Sunday, 8 July 2007

Music production

I'm getting off my ass. I guess that I can write my music on Cakewalk without really learning how MIDI works. Better still, now that I can write my stuff down, I can more or less clear the cache in my head and start working on new stuff.




(Yes, your eyes do not deceive you - in this day and age, a Windows 98 system.) If you write the notes down, I guess it's simpler to just change the instruments, and get something worthy out of it.

Composing is one of those activity which does not require any physical movement at all. You can be zoning out when people are talking to you because you're trying to figure out whether to use option A or B in a melody. You can write a song while fucking* or masturbating, or, most commonly, bathing. But the downside is that writing them down and getting them right is much more trouble than getting the concept in your head. (I'm sure that's also the case with writing programs, where it takes seconds to get that flash of inspiration to make your code work, and hours of debugging and testing to make sure that you've done everything correctly.)

The other downside is that you can tell other people that you've written 20 songs, but unless you write it, and perform it, since it also takes time and trouble to sight read, you can't show the fruits of your work.

Lyrics are a concern. I have not written lyrics. If I like a tune I've written, I'd be concerned about messing it up with shit lyrics. Song titles are another concern, so I've given them provisional titles, some of them are names of roads where I was walking on when the song popped into my head. Song titles that I am satisfied with, like "Pigeons on Steroids" or "Dance of the Strange Attractors" require a bit more thought, but I'd now shorten the latter to "Strange Attractors". It will come as no surprise to find that when I named "Strange Attractors" I was taking a course in chaos theory.

This is only step 1 of my grand plan to enter the local music scene in a fine way, become a rock star, and get all the chicks I want. That ain't workin', that's the way you do it. It's been in the works for quite some time. I wanted to be a rock star when I was 15 and started listening to Jimi Hendrix and David Bowie but I think, I'd prefer to do it without the drugs, and prefer to live a long life like David Bowie. I wrote my first song at 8 which means I have more than 20 years of songwriting experience.

We have come a long way from the time when the Oddfellows and Humpback Oak were begging Roxy and Da Da music to stock their tapes, when Opposition Party and Convent Garden were breaking the eardrums of the very few who heard them.

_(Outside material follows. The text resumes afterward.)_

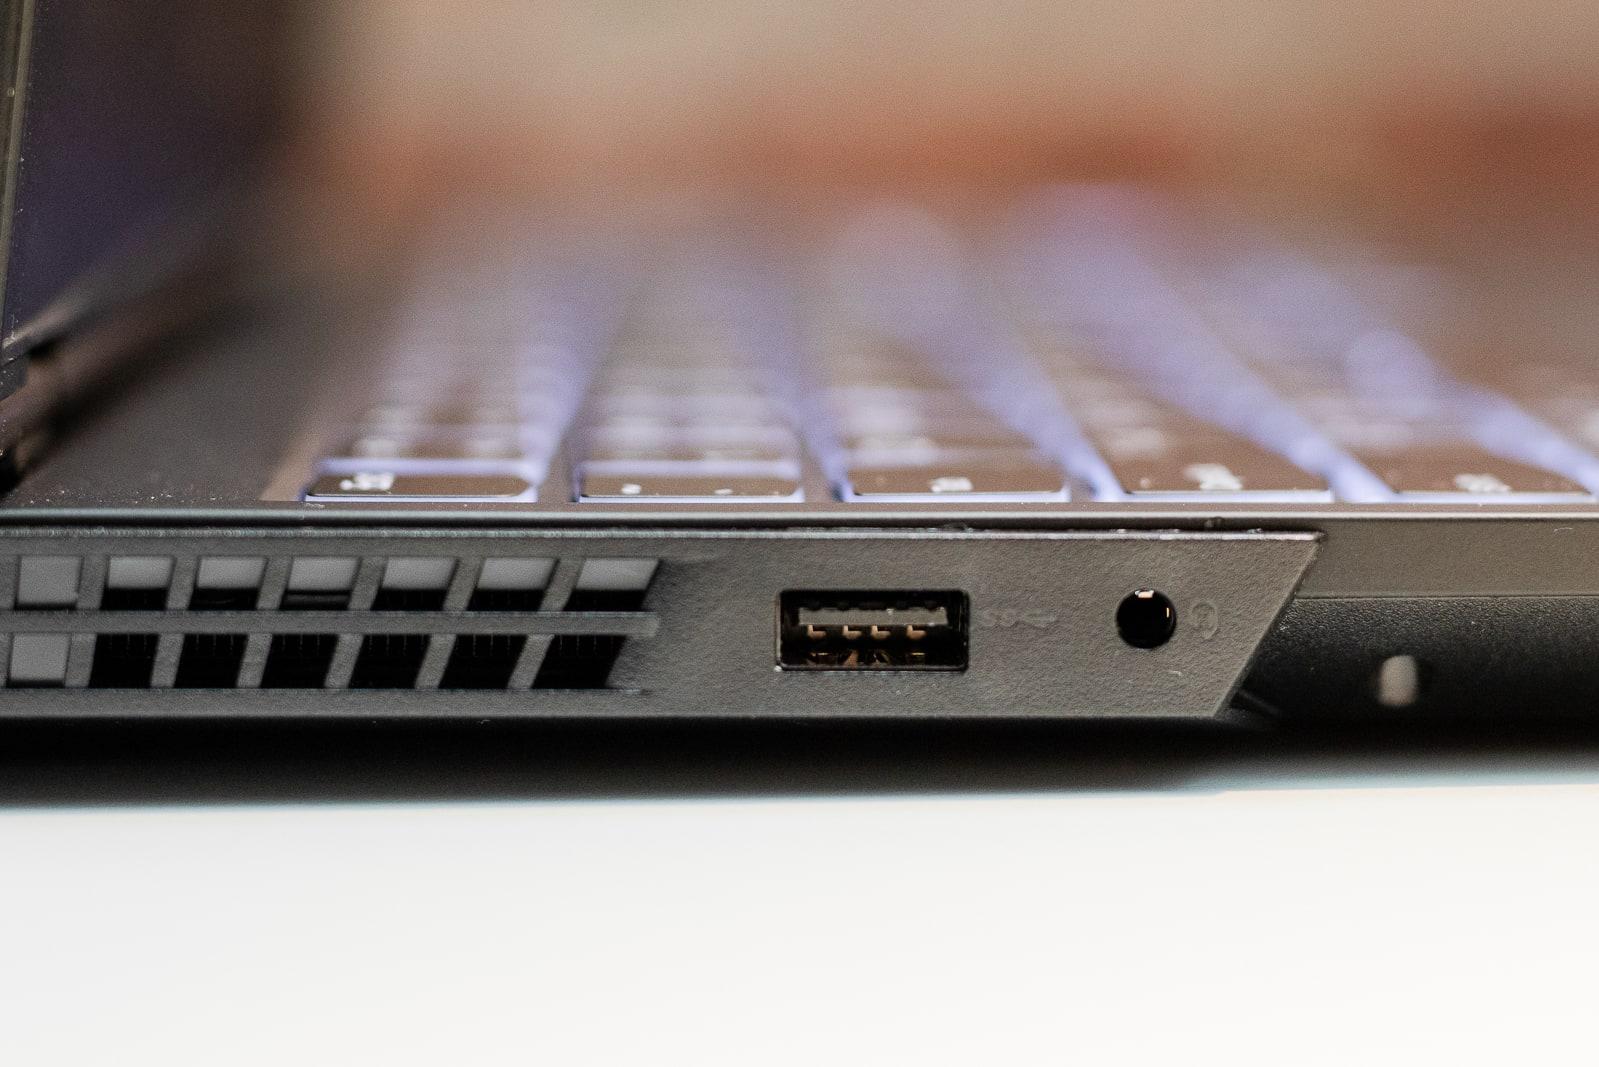 Cheap gaming laptops

When you write music, you're usually wondering if it's good enough. Something you wrote yourself usually sounds slightly better than how other people would view it, so you got to correct for it. Then there are questions about how hard you want to work to propogate that music.

If you composed it, will you write it down? If you write it down, will you demo it? If you demo it, will you get a band to play it, or at least produce it? Will you record it? Will you perform it? If you perform / record it, will you promote it, and go through all the grind that musicians have to perform? Or do you just sit back and be a career songsmith, and give your music to other people who look better than you to work it? Decisions, decisions, decisions.

Also: One of Singapore's best bands, Humpback Oak has a myspace site. Concave Scream, another great Singapore band, also has one.

* imagine if you will:


her: oooh baby.
her: oooh I'm getting real hot here.
her: oh you're great, pushing all the right buttons here....
him: yeah baby.
her: You could ride me a long time.
him: hold it now.
her: hey, wait! Where are you going?
(he gets up, starts looking for pencil and paper, and then scribbles some notes down.)
her: what the fuck man.
(10 minutes later)
him: honey I'm back.
her: better learn how to masturbate now. (rolls over and goes to sleep.)